▶ _Your task_
Go through the entries below and print, exactly, the lines starting at the one with "Indonesia 1998 Trains" and ending at the one with "According to city", keeping both ends and no others.

START Information

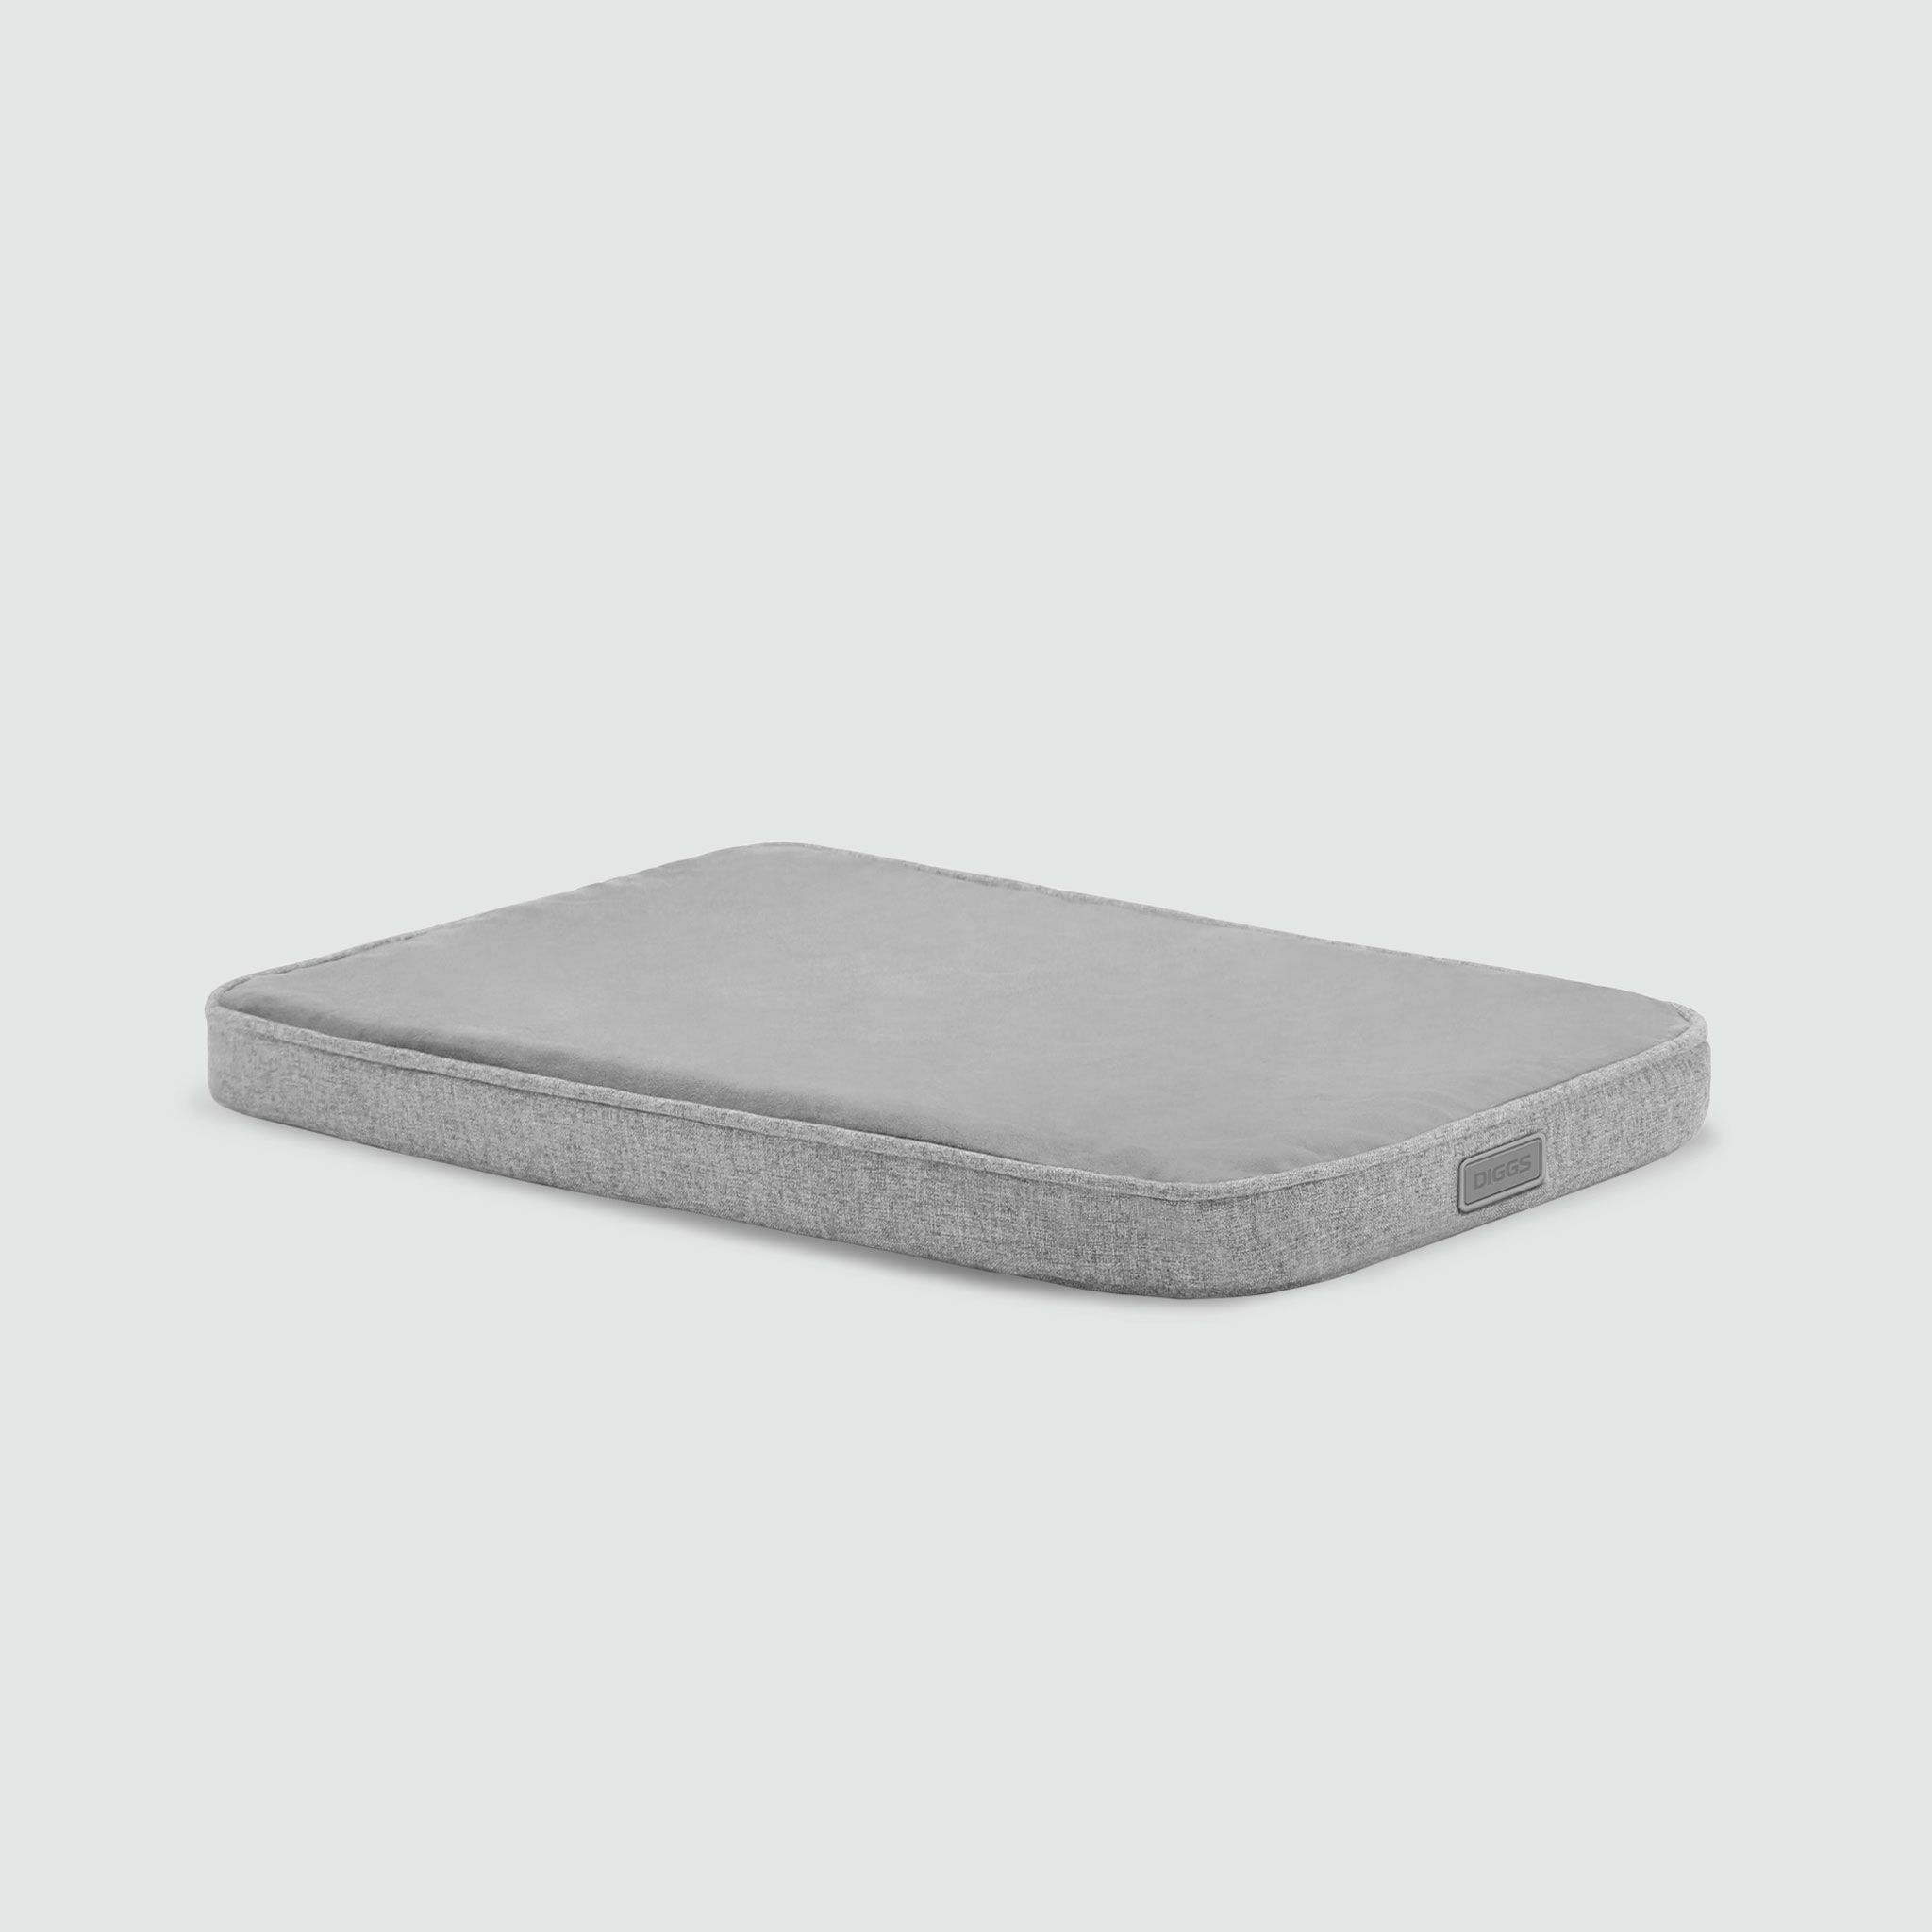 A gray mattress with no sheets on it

END Information
START Information

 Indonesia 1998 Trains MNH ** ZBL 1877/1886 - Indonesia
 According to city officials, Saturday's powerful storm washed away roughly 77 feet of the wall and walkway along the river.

END Information

▶ _Answer for this exercise_
 Indonesia 1998 Trains MNH ** ZBL 1877/1886 - Indonesia
 According to city officials, Saturday's powerful storm washed away roughly 77 feet of the wall and walkway along the river.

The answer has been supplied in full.